My daughter shared how a fellow traveller, who had been in Perth briefly for business and who had a letter of exemption because she had a child at home, still had to go into quarantine. The police picked her child up from their Gold Coast home to join her in quarantine. Even though she had a letter of exemption, the police did not have the same notice on their system.

This COVID-19 time has been a real challenge to our concept of choice, freedom, safety and security. Our idea of how predictable and certain life really is has certainly been questioned. For here was a group of travellers who found that their choice and determination of freedom was curtailed due to community health necessitated requirements.

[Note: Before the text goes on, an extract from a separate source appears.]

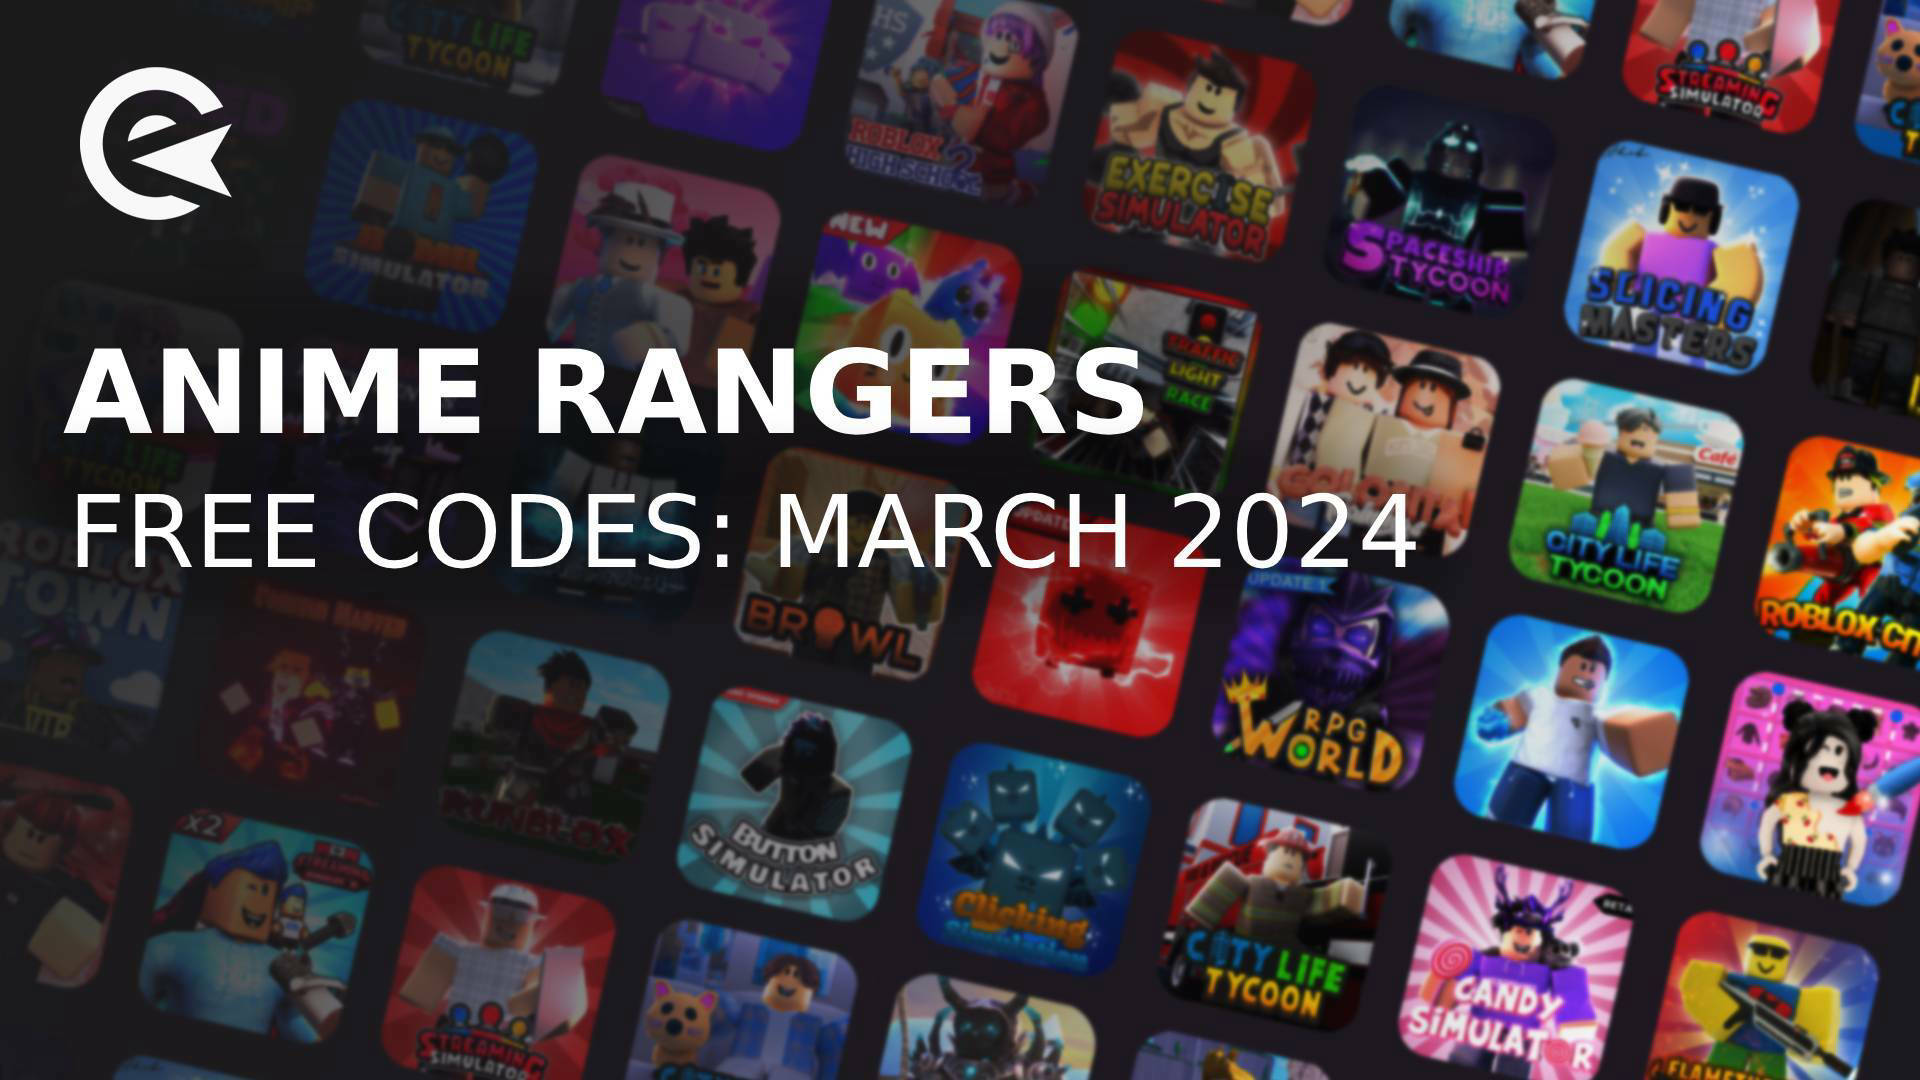 Anime Rangers Codes (March 2024)

Here is a window of understanding into the lives of St Bart’s residents and clients. Sometimes we wonder how people could ever come to experience the trauma of homelessness –  simply because we haven’t. We have made choices and have had control of our lives. And yet my daughter, who is very comfortably settled into middle class life with a well-paid professional job, and who is very capable of making healthy choices, found that circumstances beyond her control dictated her life’s situation in a moment. It was the very opposite of what she wanted. What she wanted was to be home to attend to her three dogs and husband. To be at her husband’s grandmother’s funeral.

St Bart’s residents and clients are people who have had their life’s circumstances controlling the outcomes of their lives, most often beyond what they would choose or desire. It is our job to assist them through these challenging times to come to a place of choice and control that will bring a sense of peace, stability, happiness and fulfilment to their lives.